CVMMNov 14, 2025

Accelerating Controllable Generation via Hybrid-grained Cache

arXiv:2511.11031v11 citationsh-index: 7
Originality Incremental advance
AI Analysis

This work addresses computational bottlenecks in controllable generation for visual content, offering an incremental improvement in efficiency.

The paper tackles the low generation efficiency of controllable generative models by proposing a Hybrid-Grained Cache (HGC) approach, which reduces computational cost by 63% on the COCO-Stuff benchmark while maintaining semantic fidelity within 1.5% degradation.

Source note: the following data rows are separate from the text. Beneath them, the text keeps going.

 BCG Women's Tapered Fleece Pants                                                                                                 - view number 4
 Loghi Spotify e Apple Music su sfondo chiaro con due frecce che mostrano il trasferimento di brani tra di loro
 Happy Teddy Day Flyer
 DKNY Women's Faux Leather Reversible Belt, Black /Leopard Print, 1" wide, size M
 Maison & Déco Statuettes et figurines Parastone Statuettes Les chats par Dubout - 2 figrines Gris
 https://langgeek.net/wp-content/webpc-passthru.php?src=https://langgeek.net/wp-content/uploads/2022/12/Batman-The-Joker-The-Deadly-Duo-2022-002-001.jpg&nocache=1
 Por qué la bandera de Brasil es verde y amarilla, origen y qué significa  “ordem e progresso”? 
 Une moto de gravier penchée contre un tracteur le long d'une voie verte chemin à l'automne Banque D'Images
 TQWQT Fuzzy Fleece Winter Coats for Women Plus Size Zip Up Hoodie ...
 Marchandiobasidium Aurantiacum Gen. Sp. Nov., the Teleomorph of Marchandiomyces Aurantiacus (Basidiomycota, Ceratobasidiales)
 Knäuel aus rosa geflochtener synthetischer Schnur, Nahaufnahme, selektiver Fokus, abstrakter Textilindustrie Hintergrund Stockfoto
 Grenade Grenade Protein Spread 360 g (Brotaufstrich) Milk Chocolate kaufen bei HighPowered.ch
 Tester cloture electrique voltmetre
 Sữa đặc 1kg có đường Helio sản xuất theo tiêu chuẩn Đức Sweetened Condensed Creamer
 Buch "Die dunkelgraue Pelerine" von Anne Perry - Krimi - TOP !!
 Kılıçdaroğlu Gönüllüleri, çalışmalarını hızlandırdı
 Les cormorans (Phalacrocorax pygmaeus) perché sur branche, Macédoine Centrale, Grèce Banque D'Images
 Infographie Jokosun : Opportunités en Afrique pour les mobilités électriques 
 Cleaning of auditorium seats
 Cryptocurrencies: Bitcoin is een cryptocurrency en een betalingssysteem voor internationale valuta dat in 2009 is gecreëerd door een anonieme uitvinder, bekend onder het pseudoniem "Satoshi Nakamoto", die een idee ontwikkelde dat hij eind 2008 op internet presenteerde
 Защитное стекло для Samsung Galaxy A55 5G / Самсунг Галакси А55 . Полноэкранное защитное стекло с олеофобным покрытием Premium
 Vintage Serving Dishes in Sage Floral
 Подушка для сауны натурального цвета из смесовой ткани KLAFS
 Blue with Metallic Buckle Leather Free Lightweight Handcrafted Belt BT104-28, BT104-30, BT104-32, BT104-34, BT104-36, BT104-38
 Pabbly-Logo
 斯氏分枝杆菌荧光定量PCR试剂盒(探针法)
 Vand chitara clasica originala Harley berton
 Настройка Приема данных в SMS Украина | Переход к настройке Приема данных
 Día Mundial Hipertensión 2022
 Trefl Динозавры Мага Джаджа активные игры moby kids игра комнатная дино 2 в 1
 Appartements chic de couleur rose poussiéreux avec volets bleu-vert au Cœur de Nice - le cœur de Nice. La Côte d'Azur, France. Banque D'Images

Controllable generative models have been widely used to improve the realism of synthetic visual content. However, such models must handle control conditions and content generation computational requirements, resulting in generally low generation efficiency. To address this issue, we propose a Hybrid-Grained Cache (HGC) approach that reduces computational overhead by adopting cache strategies with different granularities at different computational stages. Specifically, (1) we use a coarse-grained cache (block-level) based on feature reuse to dynamically bypass redundant computations in encoder-decoder blocks between each step of model reasoning. (2) We design a fine-grained cache (prompt-level) that acts within a module, where the fine-grained cache reuses cross-attention maps within consecutive reasoning steps and extends them to the corresponding module computations of adjacent steps. These caches of different granularities can be seamlessly integrated into each computational link of the controllable generation process. We verify the effectiveness of HGC on four benchmark datasets, especially its advantages in balancing generation efficiency and visual quality. For example, on the COCO-Stuff segmentation benchmark, our HGC significantly reduces the computational cost (MACs) by 63% (from 18.22T to 6.70T), while keeping the loss of semantic fidelity (quantized performance degradation) within 1.5%.